Вот что пишет сама Мелани Кляйн по поводу всего этого:

Всякий раз, когда возникает печаль, нарушается ощущение надежного обладания любимыми внутренними объектами, т. к. это воскрешает ранние тревоги, связанные с поврежденными и уничтоженными объектами, с разбитым вдребезги внутренним миром. Чувство вины и тревоги – младенческая депрессивная позиция – реактивируются в полную силу. Успешное восстановление внешнего любимого объекта, о котором скорбел ребенок и интроекция которого усиливалась благодаря скорби, означает, что любимые внутренние объекты реконструированы и вновь обретены.

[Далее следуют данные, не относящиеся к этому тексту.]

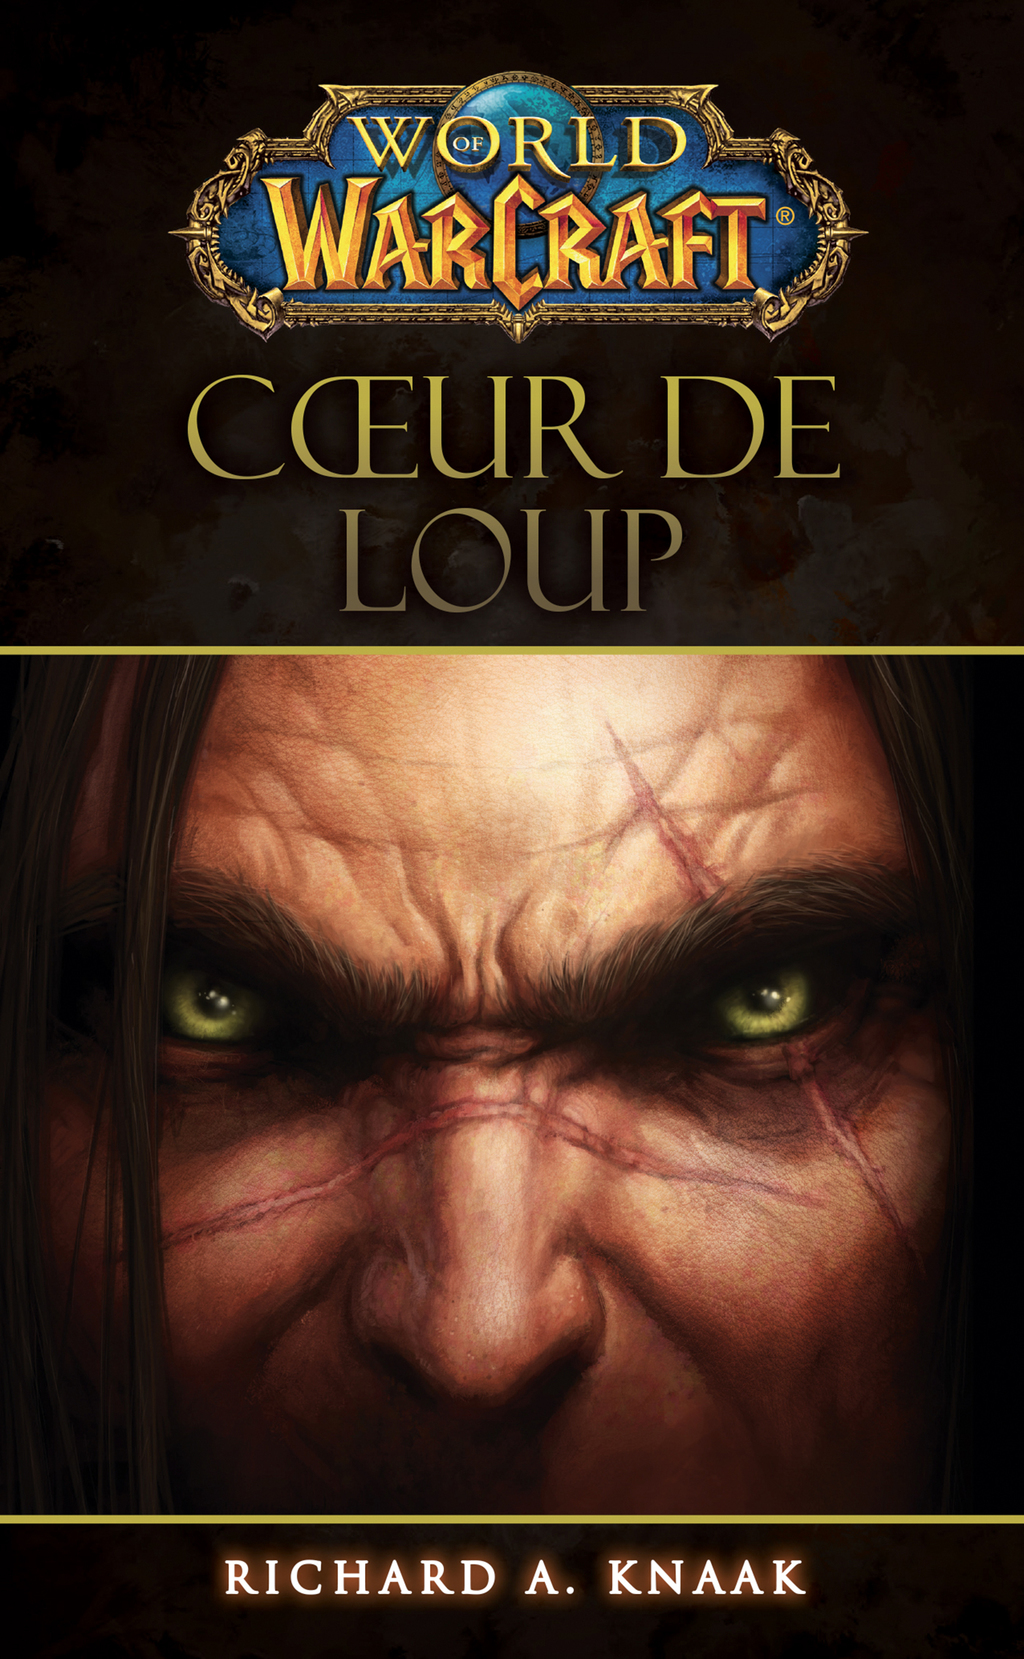 World of Warcraft - Coeur de loup (eBook) - Richard A Knaak,

Следовательно, тестирование реальности, характерное для процесса скорби, является не только средством возобновлений связи с внешним миром, но и средством воссоздания разрушенного мира. Скорбь, таким образом, включает в себя повторение эмоциональных ситуаций, пережитых ребенком с депрессивной позиции. Находясь под давлением страха потери любимой им матери, ребенок пытается решить задачу формирования и интегрирования внутреннего мира, постепенного создания хороших объектов внутри себя [Кляйн, 2001: 314].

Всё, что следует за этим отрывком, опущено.